Healthy eats don’t have to break the bank

By SAM BRUNELL

Despite popular belief, eating healthy doesn’t necessarily mean having to pay more.

“You can eat really healthy without paying a lot,” said associate nutrition professor Judith Lukaszuk. “By cutting down on less nutritious foods such as chips, candy and soda pop, you will have more money to buy fresh or frozen fruits and vegetables.”

If someone is paying more for healthy foods, the nutrition in the foods might be worth the cost.

“When you eat already prepared food, you will always pay more or lose out on nutrition,” said Martha O’Gorman, instructor and nutrition counselor at NIU. “This is true whether you are stopping at a fast food restaurant or fine dining.”

The most noticeably higher costs of eating healthy come when one chooses to eat organically.

“It costs more to buy organically grown produce and grains, because right now it costs more to grow them, deal with additional regulations and to deliver produce to the market,” O’Gorman said. “Growers have to meet set regulations directed by the USDA, including limiting pesticides and herbicides,” she said, adding that there is an initial cost for certification to verify that they are following rigid standards.

It is also thought that organic foods appear to cost more, because conventionally grown food is priced too cheap.

“The biggest factor contributing to the cost variance between conventional and organic production may be that conventional production is priced too cheaply,” said Peggy James, general manager at Duck Soup Coop, 129 E. Hillcrest Drive. “The bottom line incomes of many conventional producers are artificially propped up by government subsidy.”

Regardless, many say eating organically and healthy is worth the cost.

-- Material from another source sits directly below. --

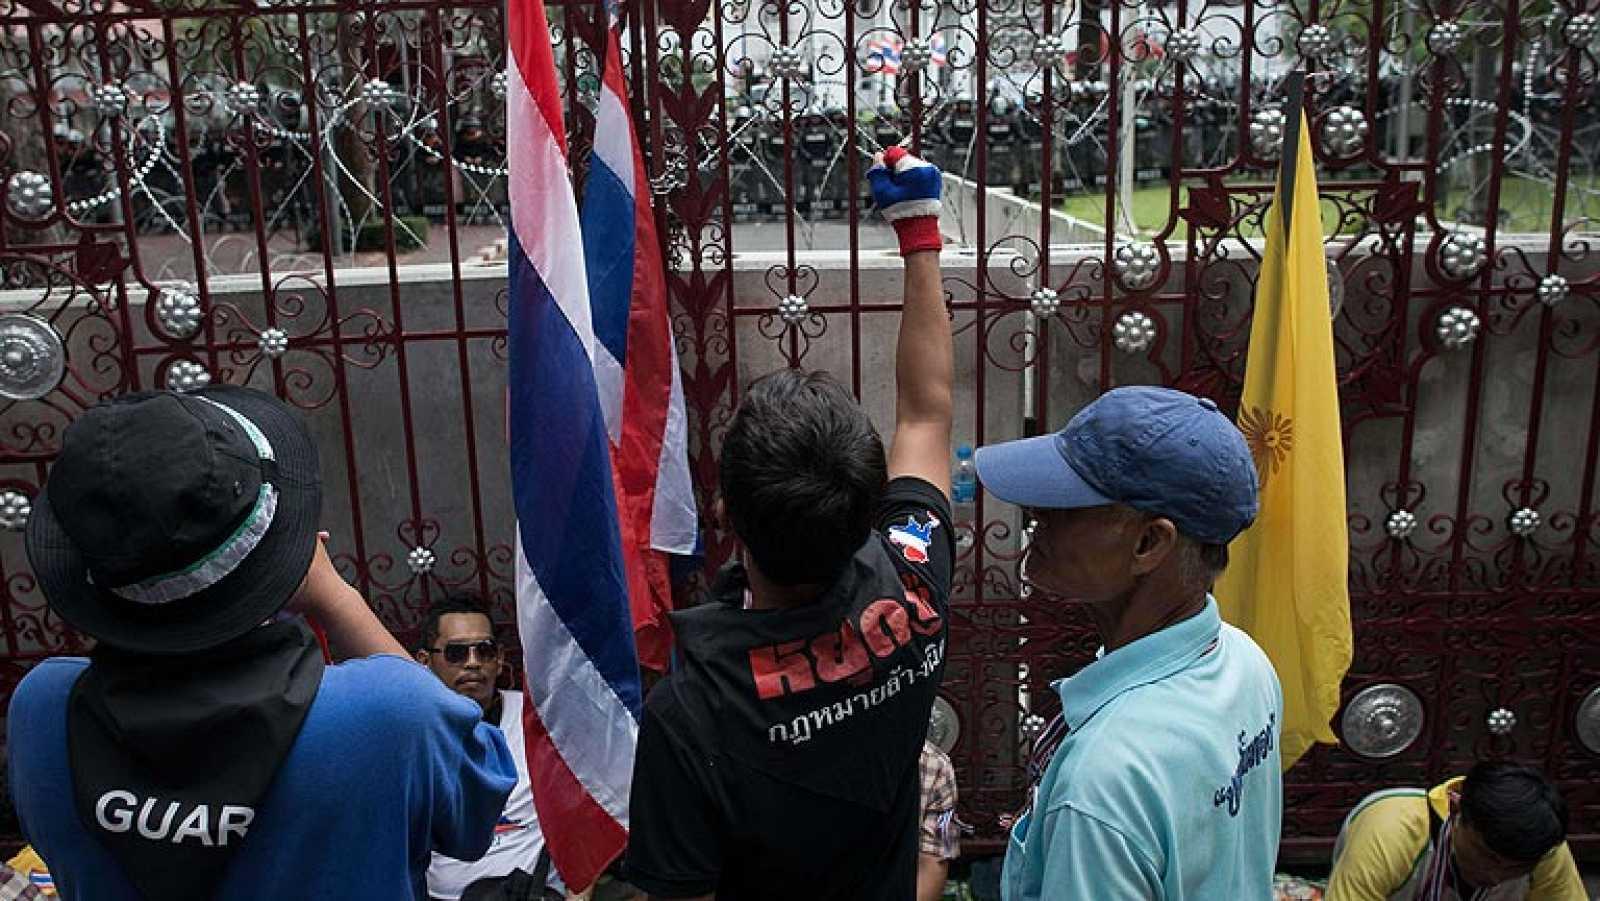 Los manifestantes tailandeses entran en la sede del Ejército

“Benefits of organic production include improving environmental health, from building the soils and lessening or eliminating chemical inputs, to fostering natural habitats and promoting biodiversity,” James said. “We need to consider the true value of the food we buy and be willing to pay a true price for the food that we purchase, a price that reflects the real cost of growing nutritious food in a sustainable way.”